Hoju, It's awesome that you are still in touch with your childhood buddy. I wish I could say that "Lacey" and I had kept in touch, but our parents split up when we were about 12 years old. She lived with her mom in a different town (this was before we had internet at home) so we never saw each other again after that.

Hoju Koolander Posted on Dec 14, 2015 at 06:36 AM

The explosions and makeup parts were fun, but I am more touched that you got along with your Mom's boyfriend's daughter. I had as similar experience, where my Mom's boyfriend wasn't my favorite guy in the world, but his Grandson and I were best buds. They could take as much time for hanky-panky as they wanted as long as the two of us got to hang out. We're still in touch today and have many years of adventures to look back on.

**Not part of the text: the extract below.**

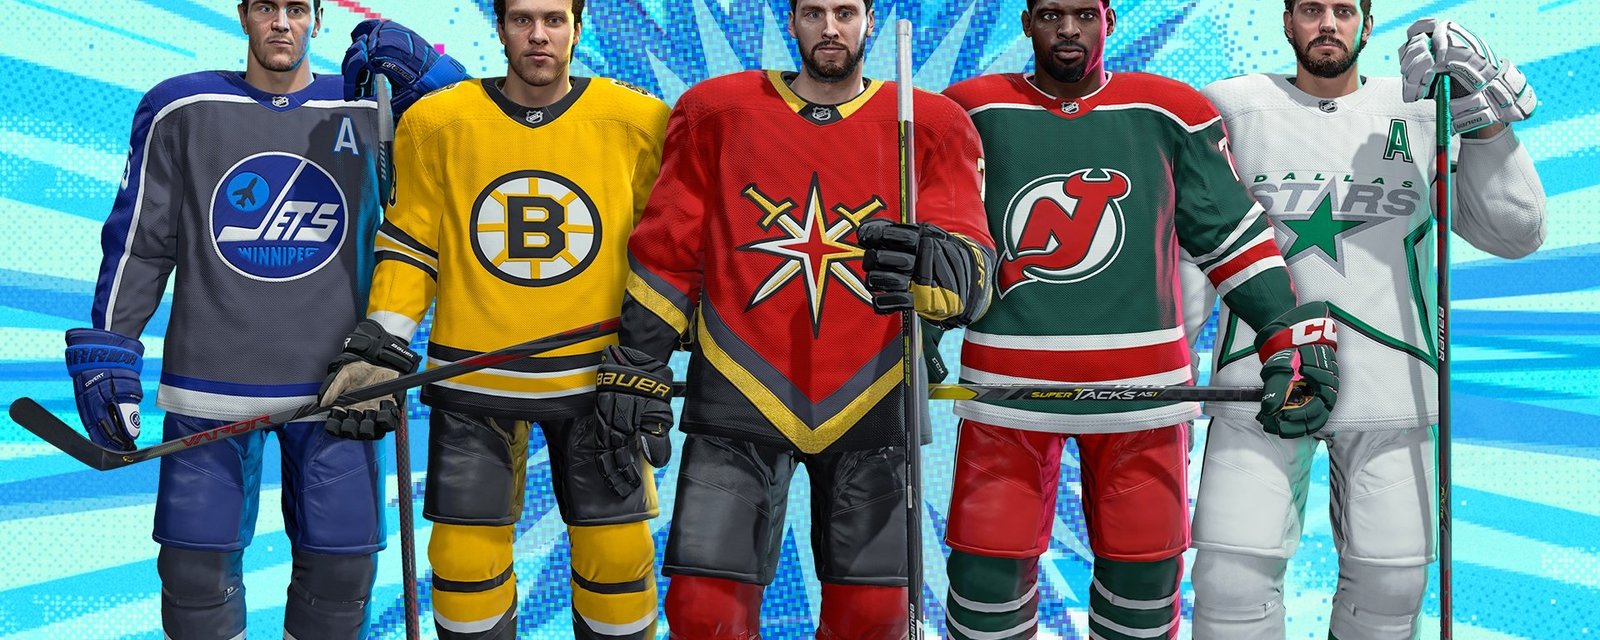 EA Sports ajoute les chandails Reverse Retro dans son NHL 21!

MarshMellow Posted on Dec 11, 2015 at 03:03 AM

Thanks, everyone, for taking the time to read my essay.

Vaporman87, I refuse to be sued by anyone who doesn't heed my cautionary tale. I recommend keeping your face away from the action.:)

Vaporman87 Posted on Dec 11, 2015 at 01:40 AM

We have poppers sitting on top of our piano right now. Hmmm.

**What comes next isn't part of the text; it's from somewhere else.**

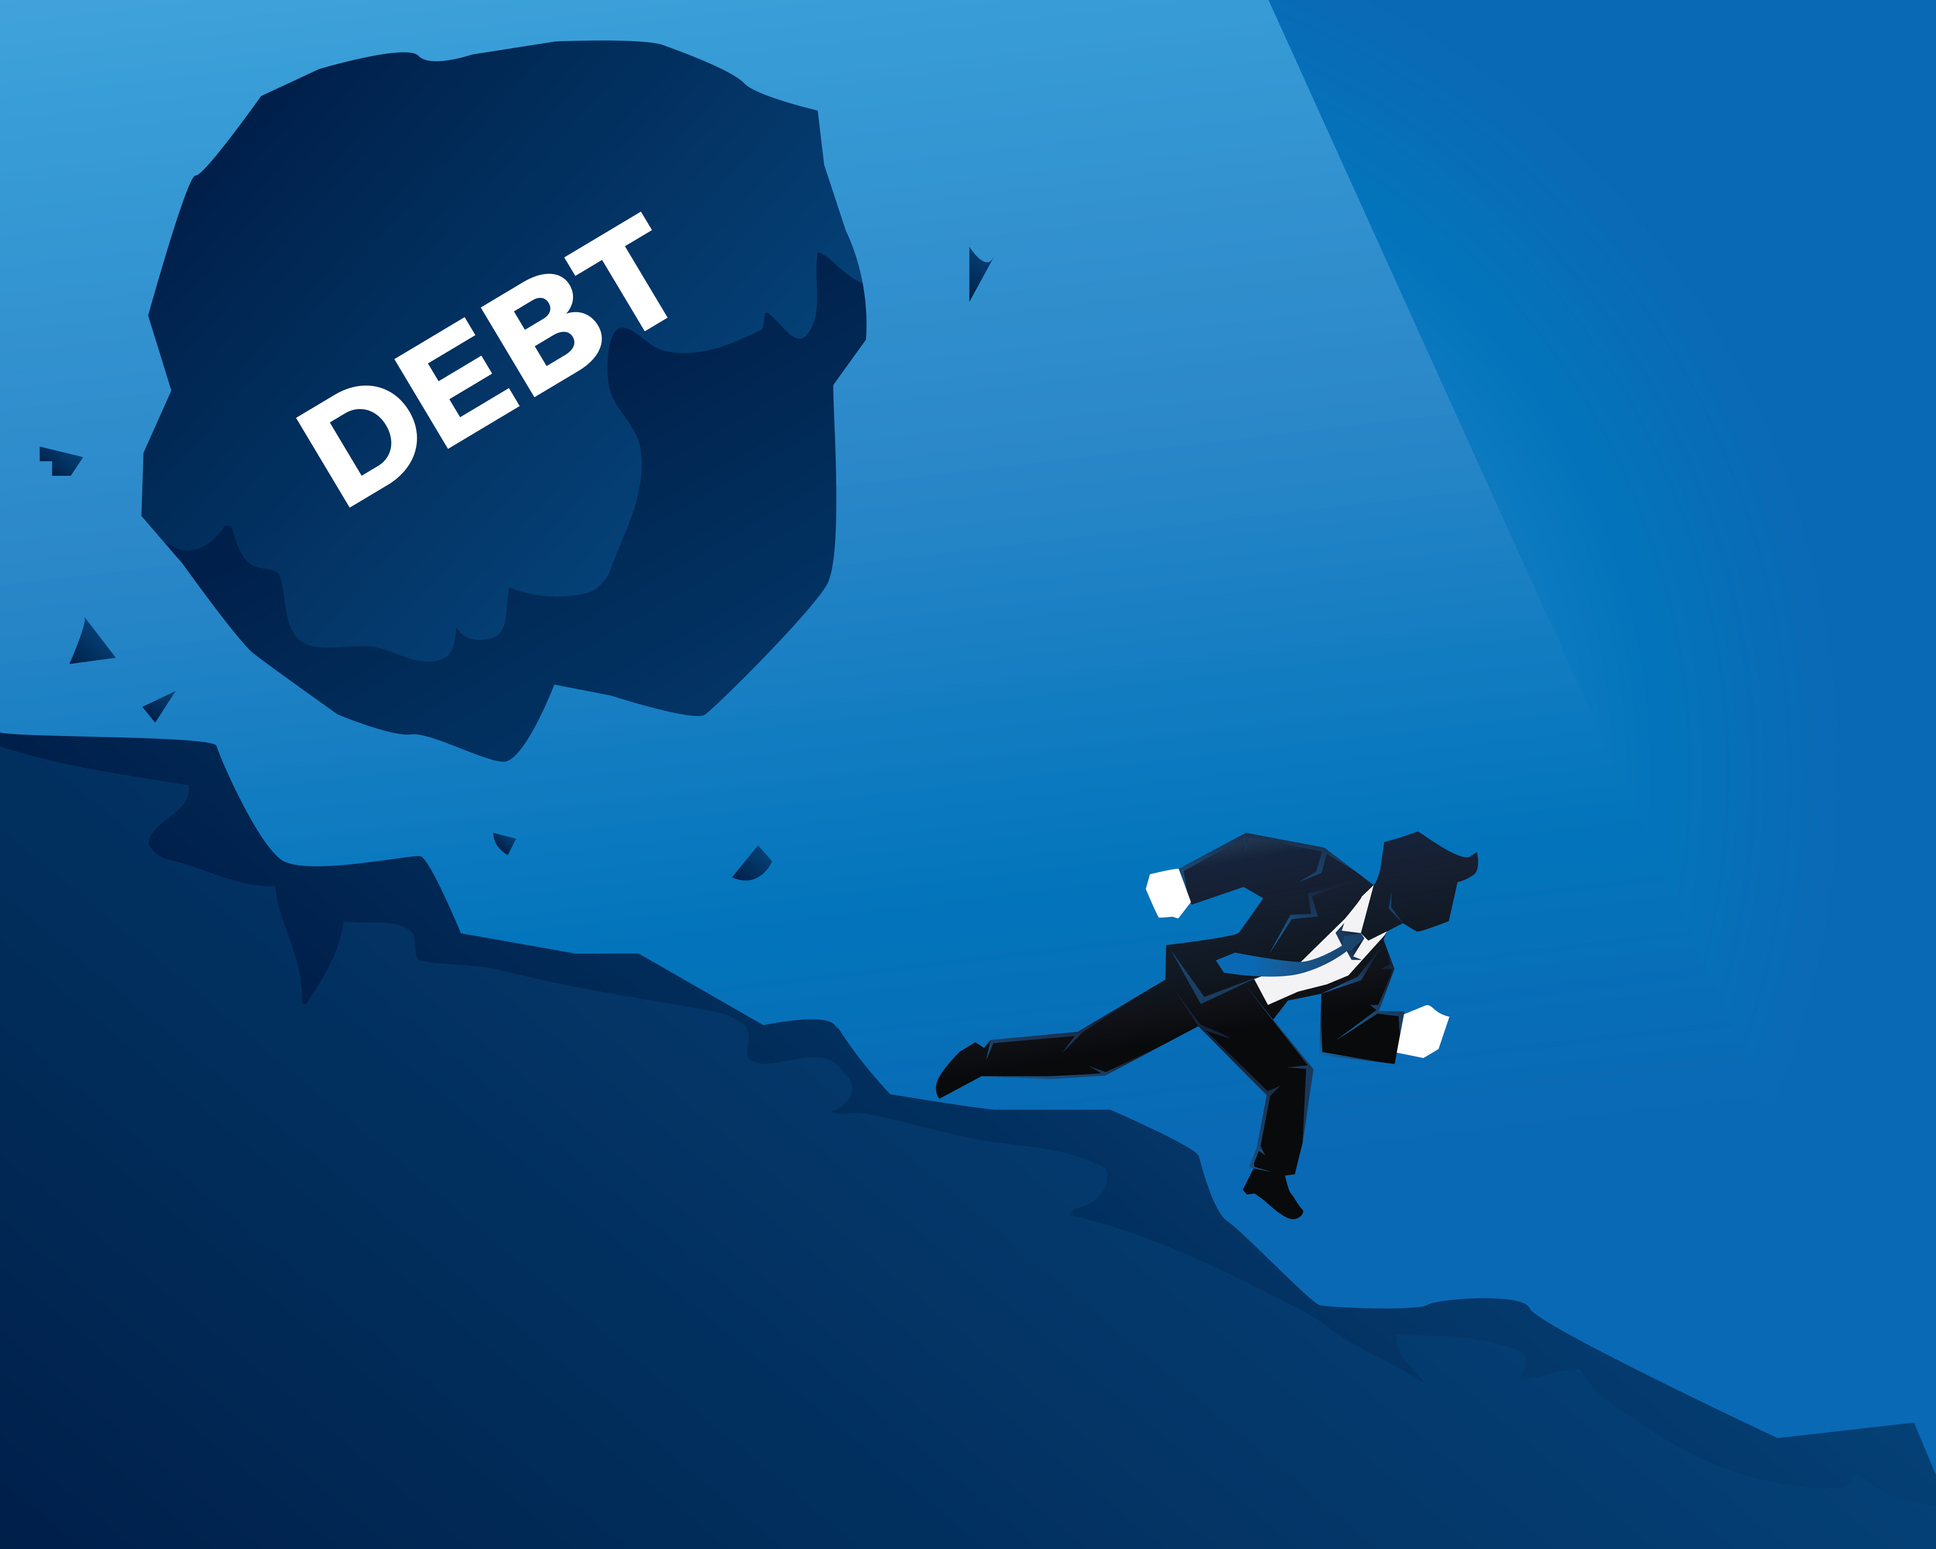 Debt at Credittriangle

DirtyD79 Posted on Dec 11, 2015 at 12:58 AM

This article is great. I got those poppers for years on 4th of July as a kid and for some reason never thought to do that.

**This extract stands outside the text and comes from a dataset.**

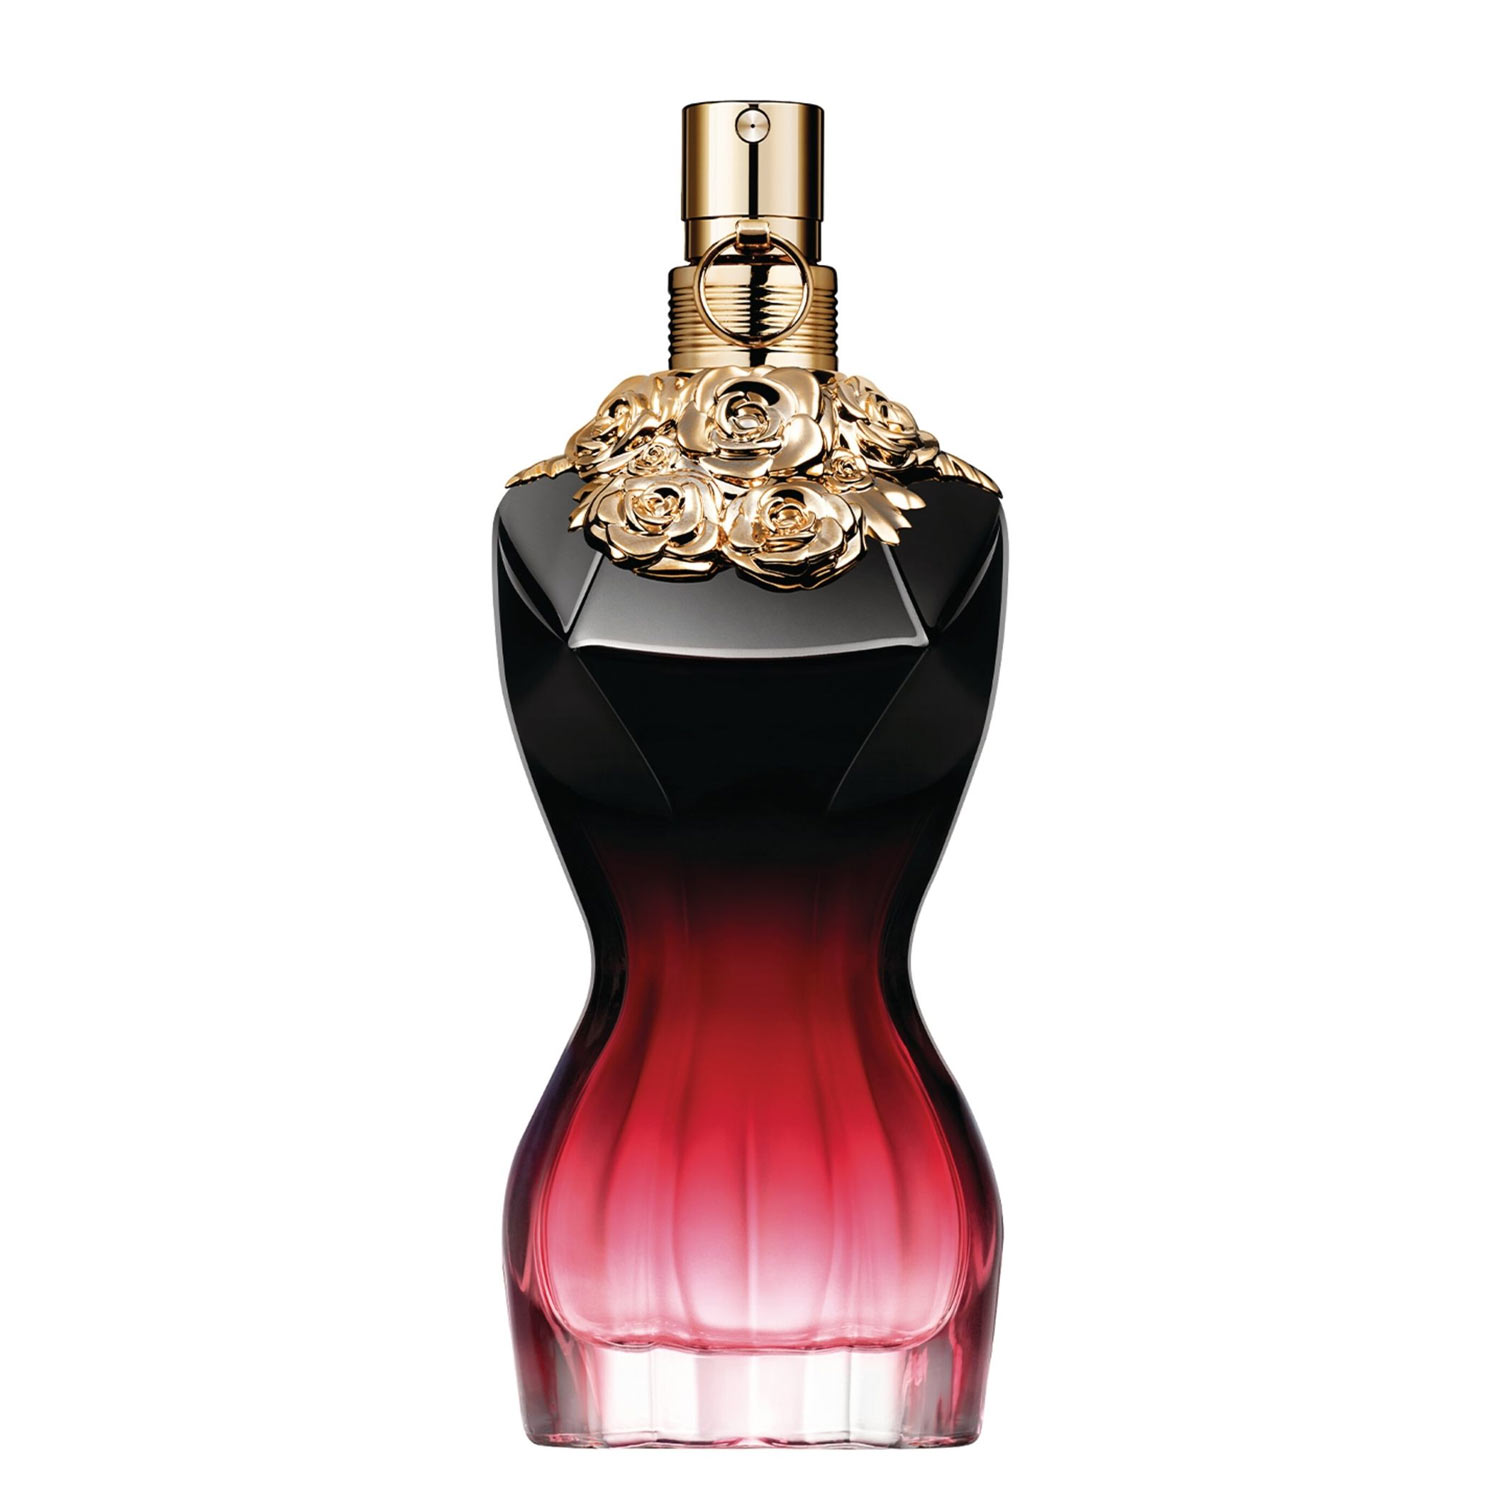 La Belle Le Parfum Jean Paul Gaultier Image

NLogan Posted on Dec 10, 2015 at 11:09 PM

You weren't the only kid special enough, I am allergic to peanuts and always made the same trade Mr. Goodbars for Special Darks. Now my kids give them to me because they don't like dark chocolate.

Vaporman87 Posted on Dec 10, 2015 at 04:51 PM

That was awesome. Great story, MarshMellow. Welcome to RD, by the way.

This was a joy to read. Really well written and fun the whole way through. I can't imagine what that final "boom" must have been like. I think I would have stuck to eating Special Dark bars with my Squiggle Wiggle tattooed hands while playing the Nintendo from a previous year after that.